R-Squared and Regression – Interpreting Simple Linear Regression Output

r-squaredregression

I have run a simple linear regression of the natural log of 2 variables to determine if they correlate. My output is this:

R^2 = 0.0893

slope = 0.851

p < 0.001

I am confused. Looking at the $R^2$ value, I would say that the two variables are not correlated, since it is so close to $0$. However, the slope of the regression line is almost $1$ (despite looking as though it's almost horizontal in the plot), and the p-value indicates that the regression is highly significant.

Does this mean that the two variables are highly correlated? If so, what does the $R^2$ value indicate?

I should add that the Durbin-Watson statistic was tested in my software, and did not reject the null hypothesis (it equalled $1.357$). I thought that this tested for independence between the $2$ variables.
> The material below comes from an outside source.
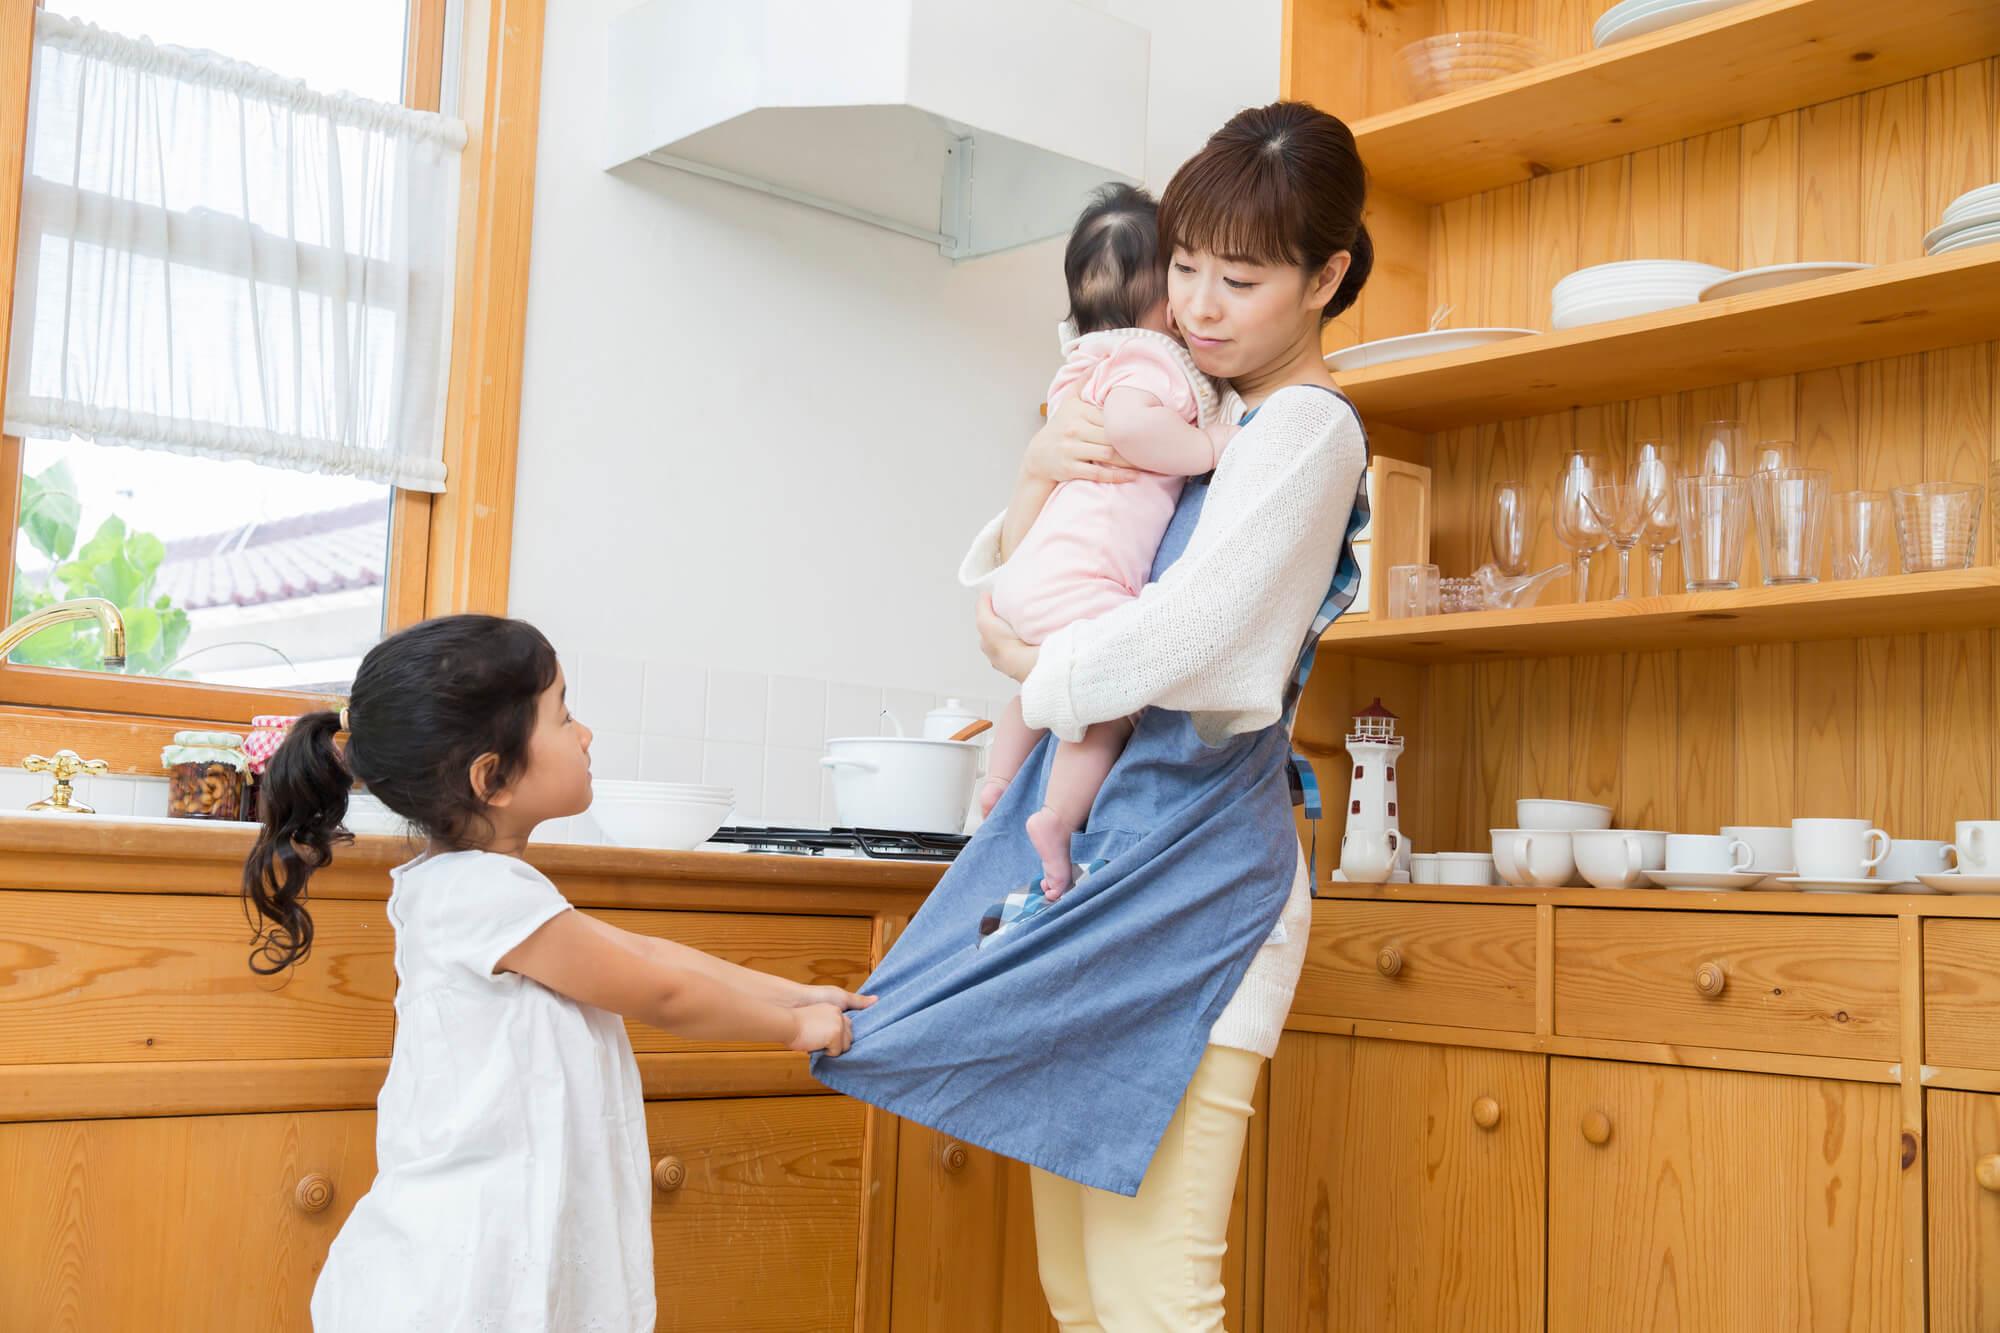 赤ちゃんを抱っこするお母さんとかまってほしい女の子
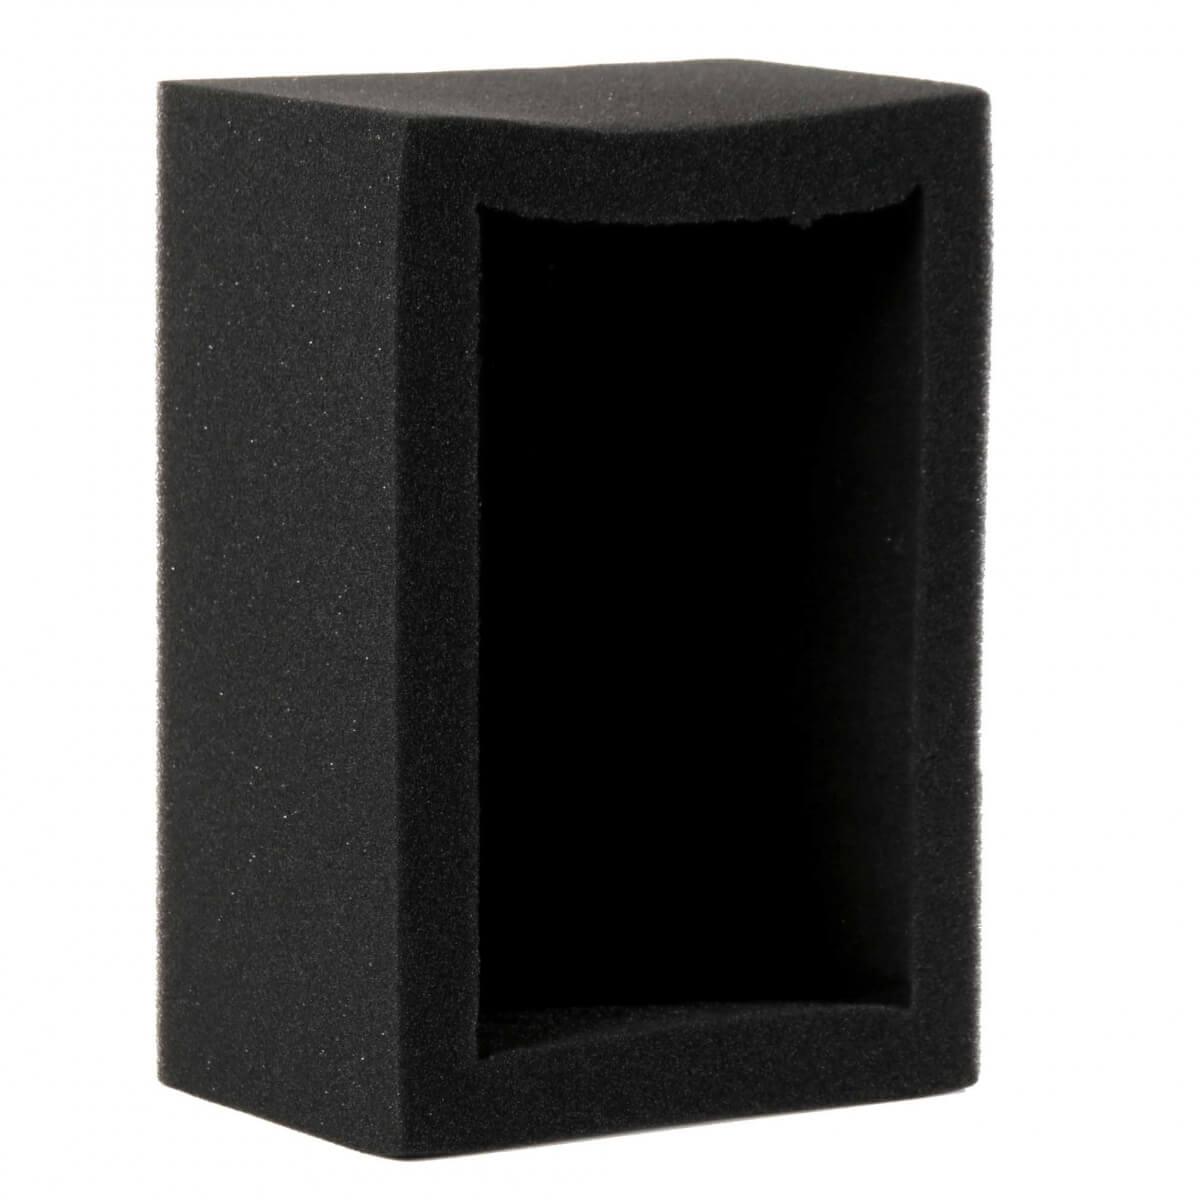 caisson anti bruit pour pompe air petit mod le pompe air. Black Bedroom Furniture Sets. Home Design Ideas

In this case, I would expect the variables to be dependent, since they are $2$ measurements of an individual bird. I'm doing this regression as part of a published method to determine body condition of an individual, so I assumed that using a regression in this way made sense. However, given these outputs, I'm thinking that maybe for these birds, this method isn't suitable. Does this seem a reasonable conclusion?

Best Answer

The estimated value of the slope does not, by itself, tell you the strength of the relationship. The strength of the relationship depends on the size of the error variance, and the range of the predictor. Also, a significant $p$-value doesn't tell you necessarily that there is a strong relationship; the $p$-value is simply testing whether the slope is exactly 0. For a sufficiently large sample size, even small departures from that hypothesis (e.g. ones not of practical importance) will yield a significant $p$-value.

Of the three quantities you presented, $R^2$, the coefficient of determination, gives the greatest indication of the strength of the relationship. In your case, $R^{2} = .089$, means that $8.9\%$ of the variation in your response variable can be explained a linear relationship with the predictor. What constitutes a "large" $R^2$ is discipline dependent. For example, in social sciences $R^2 = .2$ might be "large" but in controlled environments like a factory setting, $R^2 > .9$ may be required to say there is a "strong" relationship. In most situations $.089$ is a very small $R^2$, so your conclusion that there is a weak linear relationship is probably reasonable.